She nibbled my bottom lip, tracing my mouth with the gentle caress led on by her tongue. The simple move was enough to make my adrenaline rush, to give me intense heat flashes in the below freezing weather.

I waited for more, but she was fleeting. Before her lips could continue about their journey, I was heaved into reality by an abrupt force.

The memory faded, gradually drawing an end, and as a familiar voice infiltrated the surrounding air, Emilia was no longer there. She may have been the wind, the remaining stardust—transitory. "Erik, catch it," my best friend, Marco, was beginning to say, only to release a sigh of dejection as the soccer ball soared beyond me. "Come on, mate," he lamented quietly. "That was an easy catch."
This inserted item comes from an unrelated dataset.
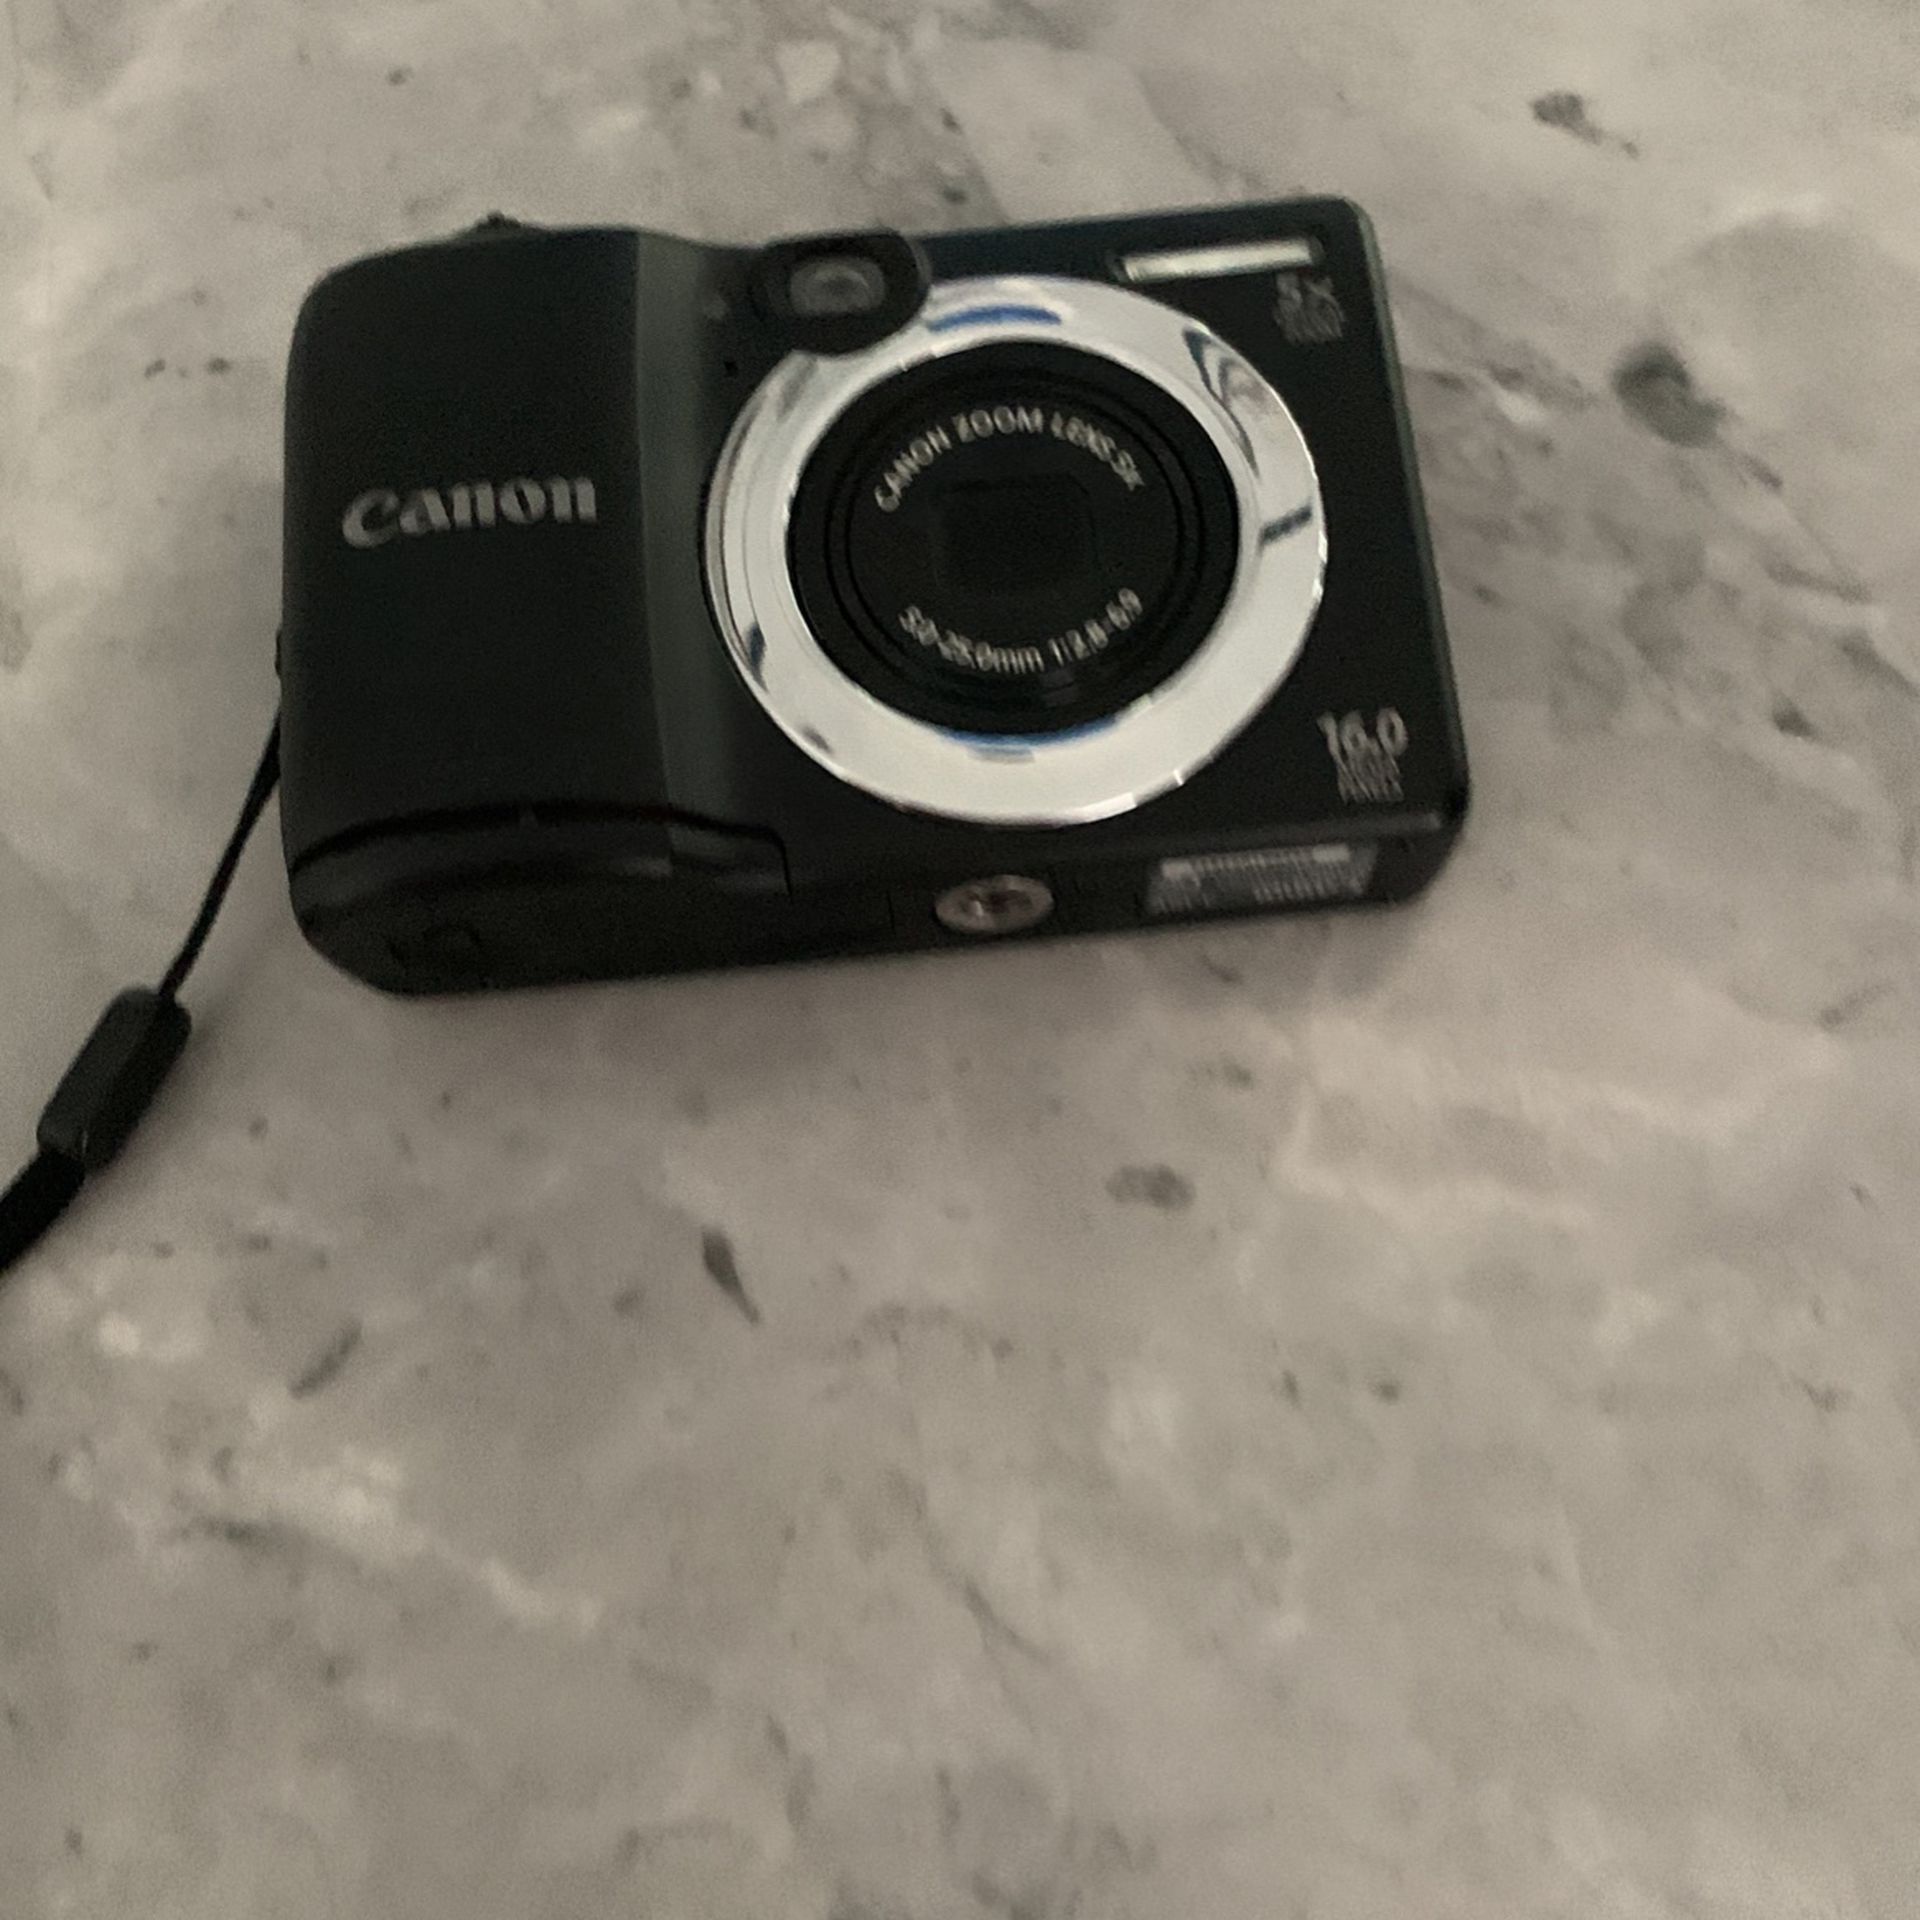 Cannon PowerShot Camera A1400

I examined the the ball once more, noting that it had landed on top of the empty bleachers. "Entschuldigung, Marco," I apologized, my eyes refusing to leave its black and white surface. I'm sorry.

We were out in the field, my team and I, training for the World Cup in Russia that would arrive in the years to come. The afternoon was torrid, and I panted heavily with thoughts of Emilia.
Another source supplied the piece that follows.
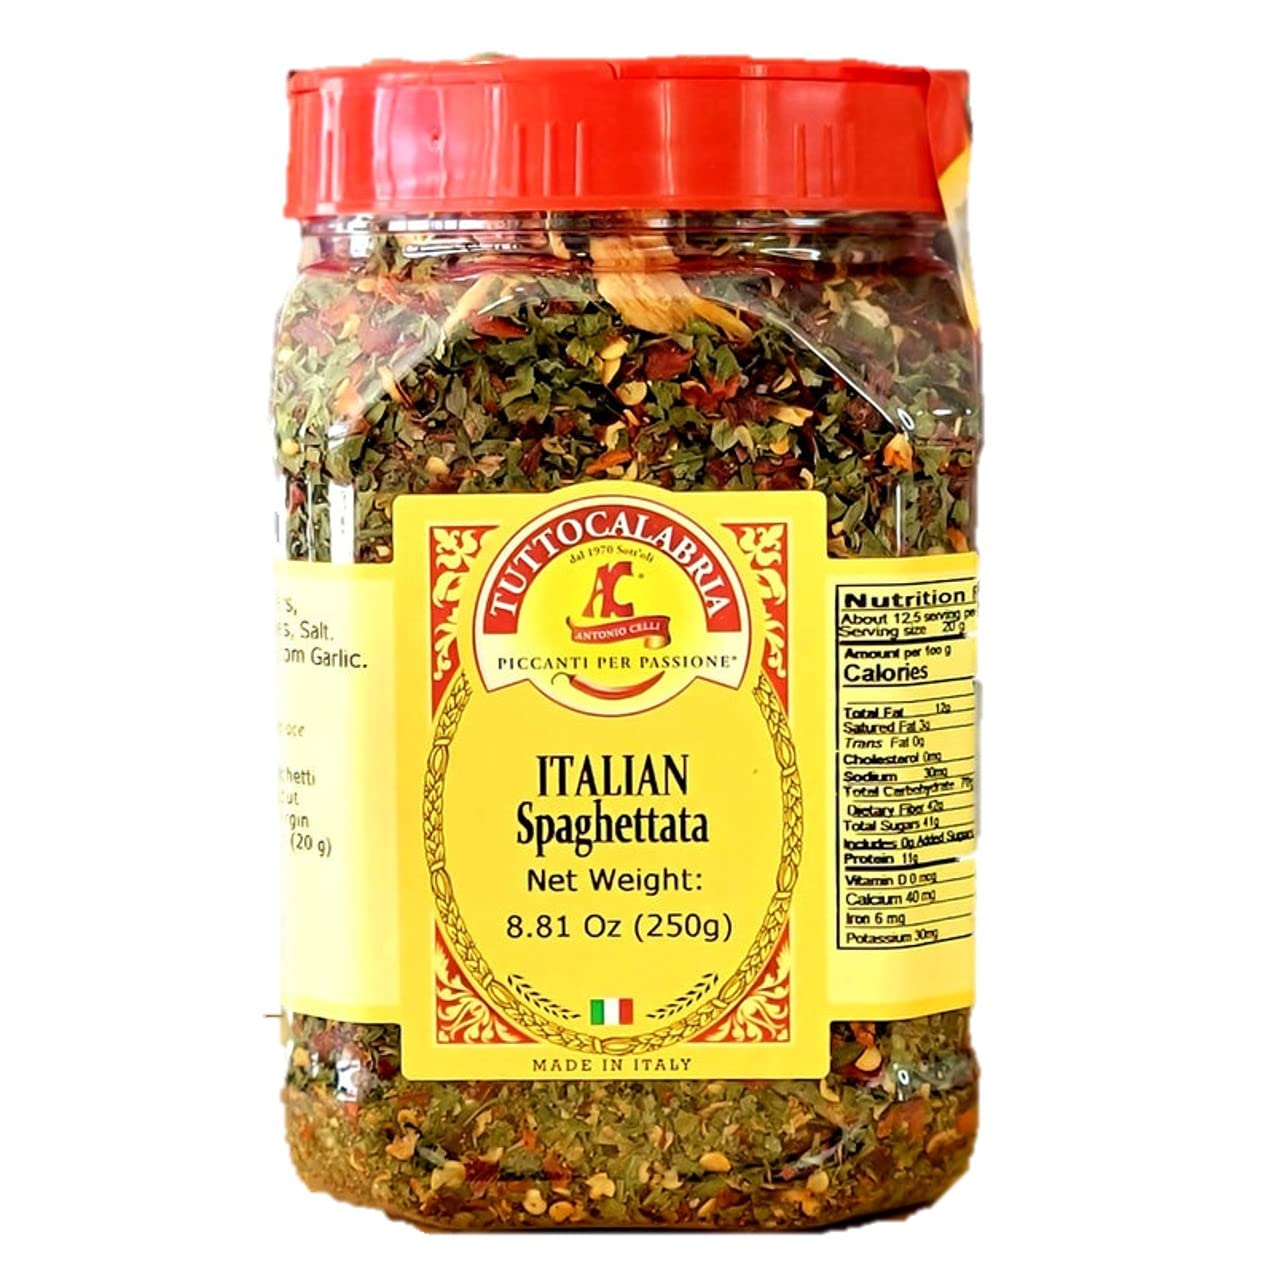 Durkee Spicy Pasta Seasoning (formerly Tone's Italian Spaghetti Seasoning)  - Pantryful

"Get your head in the game, pretty boy," Philipp, one of our best men, warned, asserting his gruff presence. "If you want to go to Russia, you have to show more commitment."

Releasing a sigh, I wiped the perspiration trickling down my forehead. "Sorry, Philipp," I said, my voice wavering due to the exhaustion. "I'll try my best."

"You've been saying that for the past hour, Erik. Are you sure you're all right?" our goalkeeper, always the kinder one, questioned. Manuel's placid eyes fell on my own, his eyebrows furrowing with concern. "You can take a break if you need to, you know that, right?"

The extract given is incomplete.